Dr. Whitney gets personal on this episode talking about body image, weight, and the world’s standards of health. She talks about why it’s so hard for women to have a positive body image even in the movement of body positivity and how we can help break that cycle for our kids.

Episode Takeaways:


  • There is such a divide in women’s health when it comes to body image and weight. And, as women, we’ve been steeped in diet culture our entire lives. From watching our parents go through a million diet and exercise programs to the way they spoke to us about our bodies (even when their motivation came from the right place!) it really shaped and formed our relationships with our bodies, food, and exercise. And it’s really difficult as parents, now, to navigate that with our kids, knowing how much it has affected us.


  • I often struggle with hearing all the voices that have spoken into my life about weight. I hear my parents talk about their own body, I hear all the people who told me I looked so great after I lost weight. As a result of those thoughts, it’s really difficult to make my actions line up with my mindset. I want to be as healthy as I can be for my kids, and I want to be the best role model in the area, but I’m a human being and sometimes I fall short.


  • There are times when I exercise not just for the joy of movement, but to lose weight. I do eat foods and think, “Will this make me bigger?” “Will this make me smaller?” I do look at my body and think critical thoughts. But I’ve learned there’s a difference between thinking a thought and taking it and passing it onto your kids. I can fight those internal demons and still pass on something better to my kids.
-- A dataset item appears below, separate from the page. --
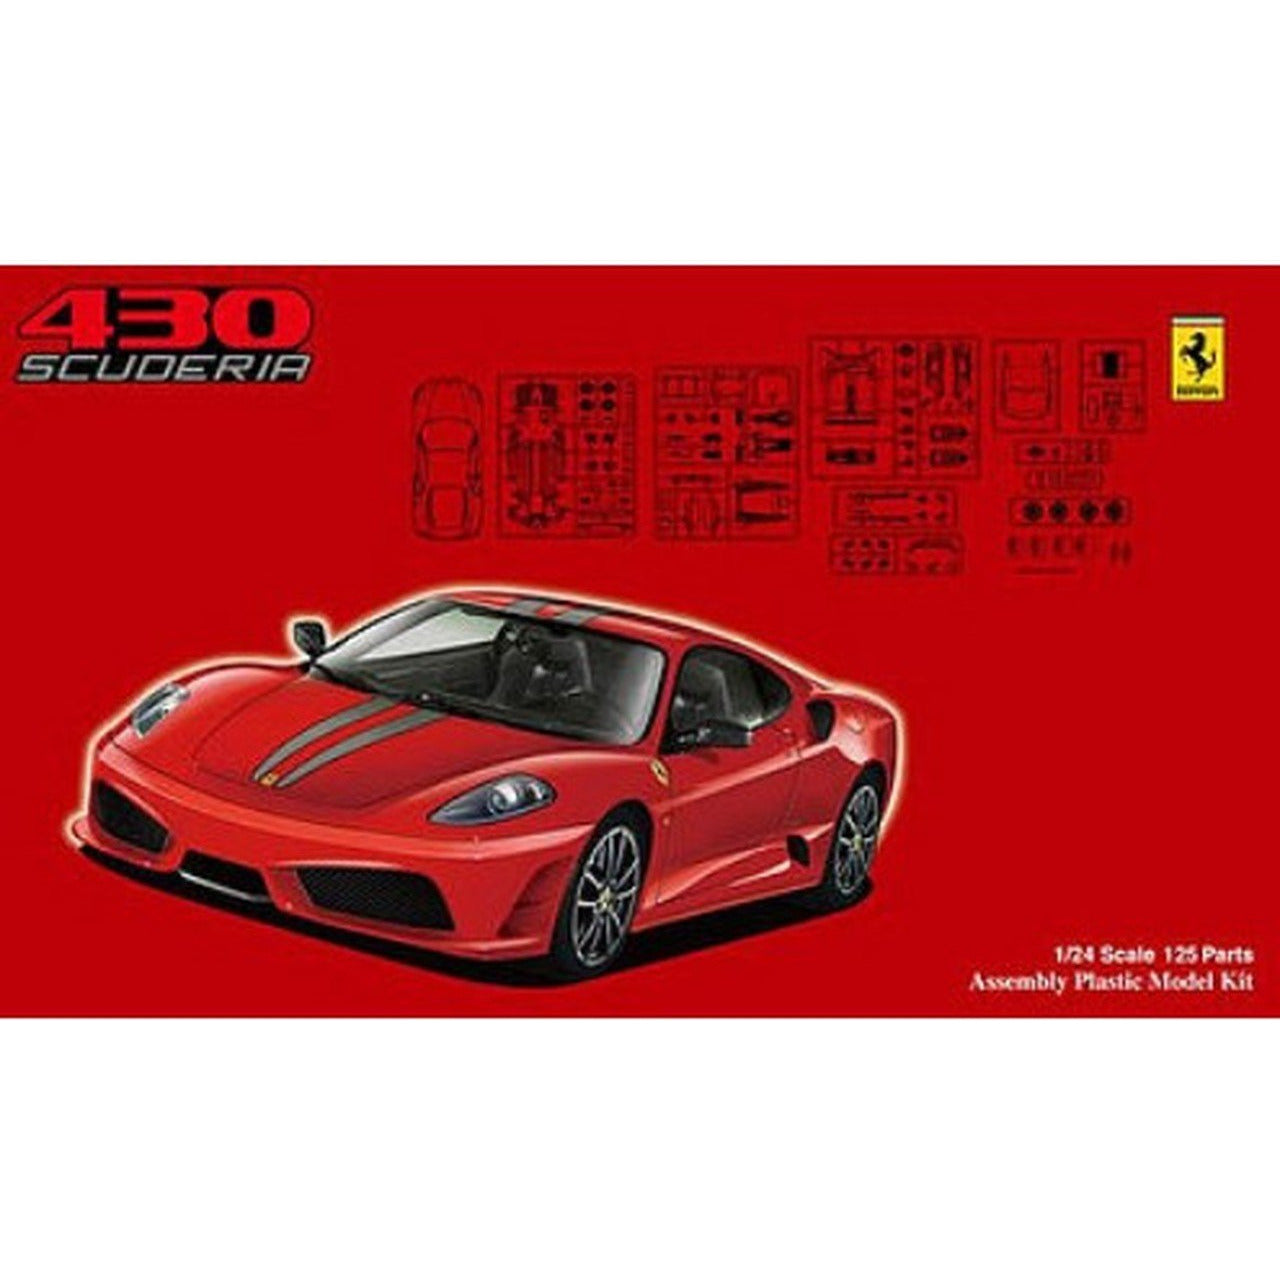 Ferrari F430 Challenge "Sena" 28 1/24 Model Car Kit #FU012361 by Fujimi

  • When I have those thoughts, I give myself the most grace and self-compassion. When I think critically, I tell myself WHY I’m being critical–because of the way you’ve been conditioned to think for so long. And then I ask myself what I’m going to do with that thought. I’m going to be mindful, I’ll store it away, and move on. And if I do take an action, like eating for restriction or exercising for a version of “health” that isn’t healthy for me, I can still stop and reverse it. It doesn’t have to be the new normal.


  • Oftentimes, these things aren’t even noticeable from the outside. It’s just the constant mind chatter going on inside your head. That doesn’t mean you can’t be authority on this for your kids. That doesn’t mean you can’t undo all the damage of diet culture. It means that it’s okay that you’re not perfect. That it’s okay that it’s still a struggle. It’s going to take several generations for our kids to unlearn what we learned and to unsee what’s on the internet with photoshop and filters.


  • Just because your experience was terrible, doesn’t mean it has to be that way for your kids. But they live in the real world, so we have to take those times to explain to them what’s happening, what stereotypes are, what old ideas are out there about what it means to be “healthy,” and what our families are going to do to set our relationships with food and our bodies.